Re: Dataset Search Markup for COVID-19 Portal

Dear Amonida,

Great to see the DataCatalog and Dataset markup has been added. This should allow the portal to be indexed by Google and added to the Dataset Search. I’ve created a pull request to add these to our list of live deployments on the Bioschemas website
https://github.com/BioSchemas/bioschemas.github.io/pull/337


One comment is that this markup should probably only be on the landing page. On page related to specific types, e.g. the protein page, you could use the CollectionPage type and list the resources on the page with the appropriate Bioschemas type, this would make the information about the individual genes/proteins/etc reusable in a machine processable way. A suggestion for this markup can be found at the following link
https://github.com/BioSchemas/specifications/blob/master/Protein/examples/0.11-RELEASE/covid-19DataPortal.html


Best regards

Alasdair


--
Alasdair J G Gray
Associate Professor in Computer Science,
School of Mathematical and Computer Sciences
Heriot-Watt University, Edinburgh, UK.

Email: A.J.G.Gray@hw.ac.uk<mailto:A.J.G.Gray@hw.ac.uk>
Web: http://www.macs.hw.ac.uk/~ajg33

ORCID: http://orcid.org/0000-0002-5711-4872

Office: Earl Mountbatten Building 1.39
Twitter: @gray_alasdair


Heriot-Watt is a global University, as a result my working hours may not be your working hours. Do not feel pressure to reply to this email outside your working hours.

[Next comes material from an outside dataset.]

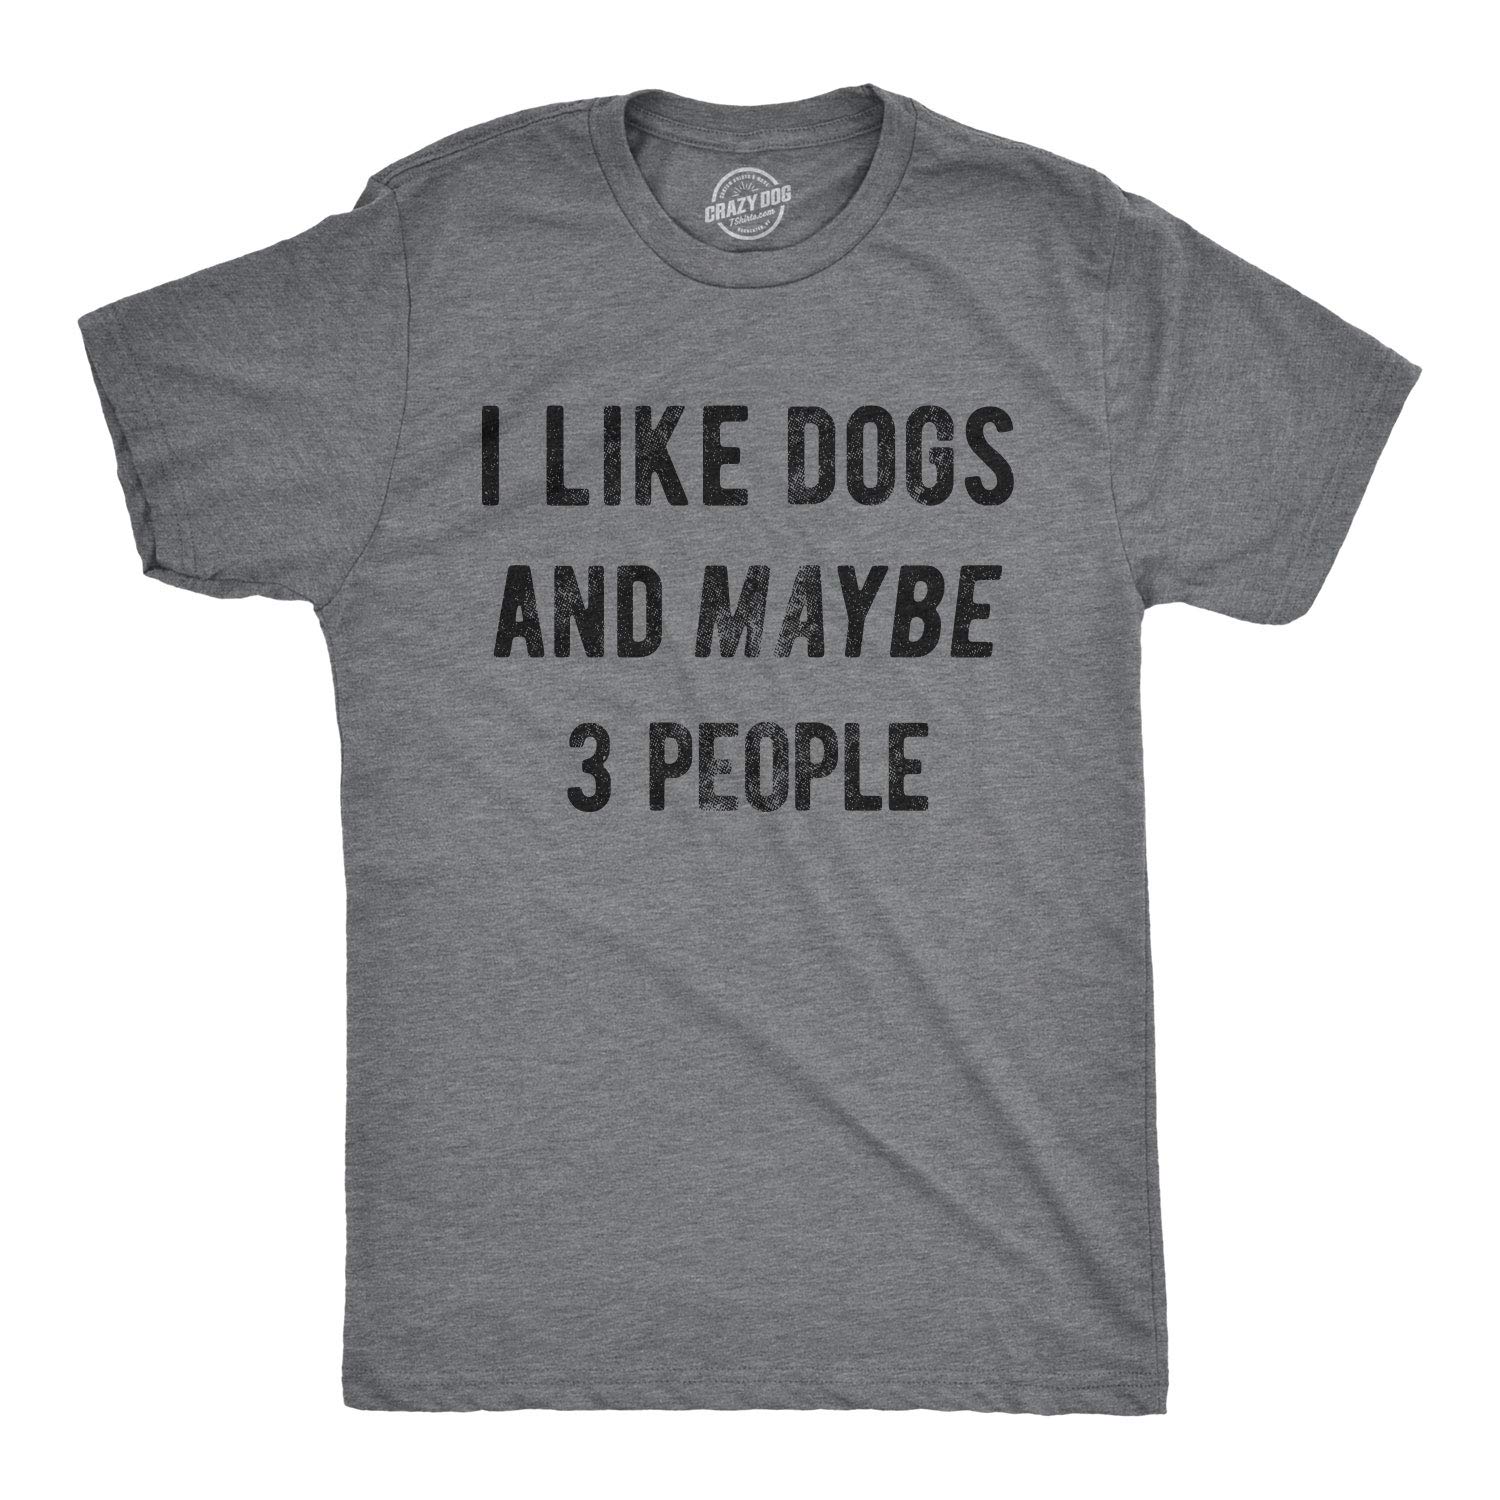 Mens I Like Dogs and Maybe 3 People T Shirt Funny Pet Lover Dad Cool Graphic Tee
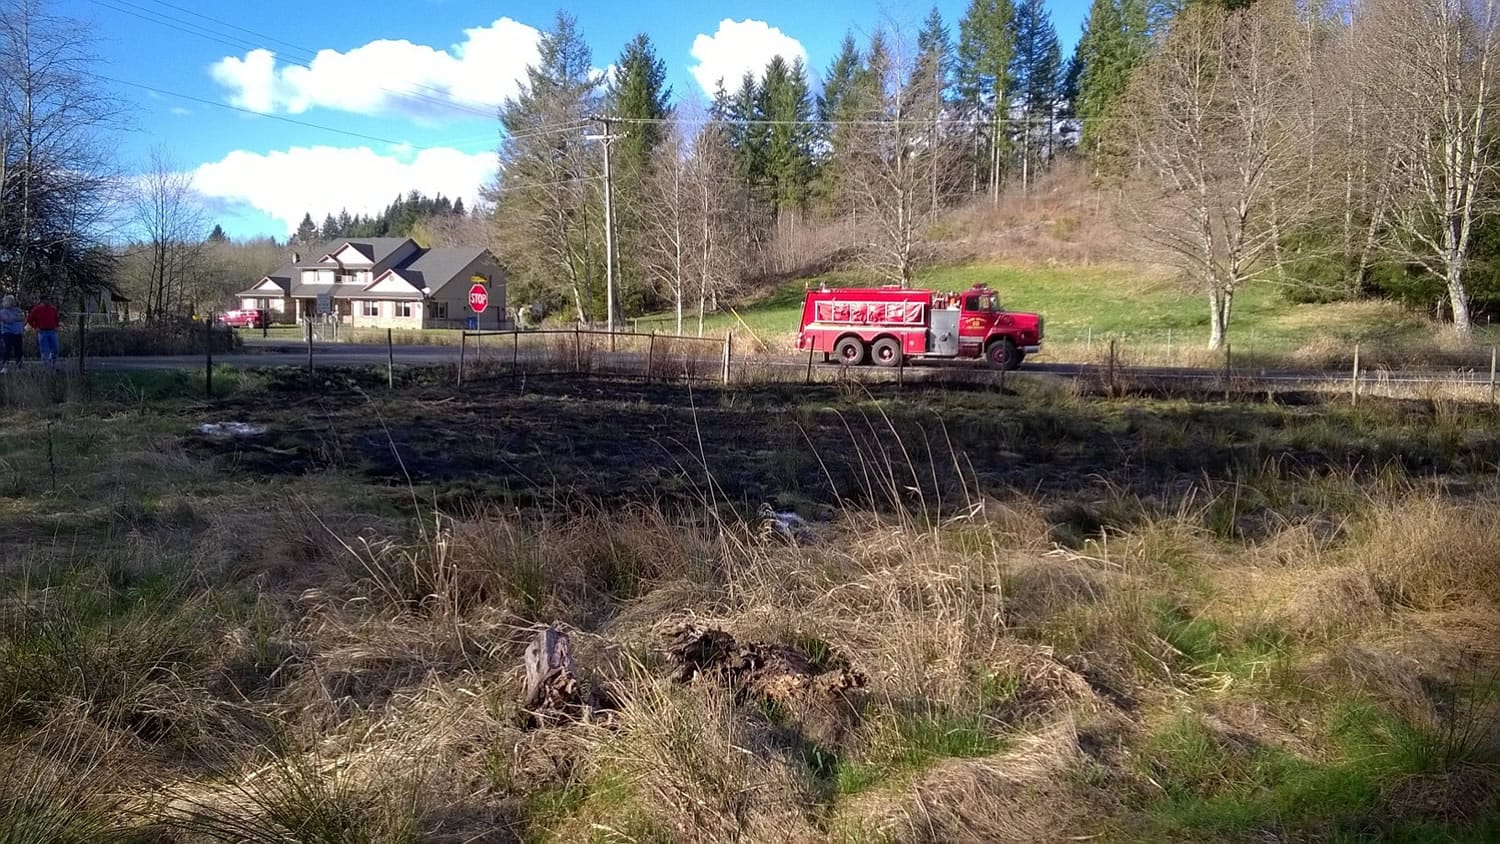 A Clark County Fire District 10 crew responded to a quarter-acre brush fire in Fargher Lake at 2:40 p.m.

To arrange a meeting: https://doodle.com/mm/alasdairgray/book-a-time



From: Amonida Zadissa <amonida@ebi.ac.uk>
Date: Wednesday, 28 October 2020 at 06:26
To: Alasdair Gray <A.J.G.Gray@hw.ac.uk>
Cc: "amonida@ebi.ac.uk" <amonida@ebi.ac.uk>, "public-bioschemas@w3.org" <public-bioschemas@w3.org>, Guy Cochrane <cochrane@ebi.ac.uk>, "rls@ebi.ac.uk" <rls@ebi.ac.uk>
Subject: Re: Dataset Search Markup for COVID-19 Portal

****************************************************************
Caution: This email originated from a sender outside Heriot-Watt University.
Do not follow links or open attachments if you doubt the authenticity of the sender or the content.
****************************************************************


Dear Alasdair and all

I would like to announce that the COVID-19 Data Portal is now using Bioschema.org. This integration became part of the larger 6th month anniversary of the Data Portal which saw many updates on the Portal.

If you have any comments, please let us know.

Best regards,
Amonida
On 19/10/2020 00:18, Amonida Zadissa wrote:

Dear Alasdair

Thanks for your patience and the detailed information you sent.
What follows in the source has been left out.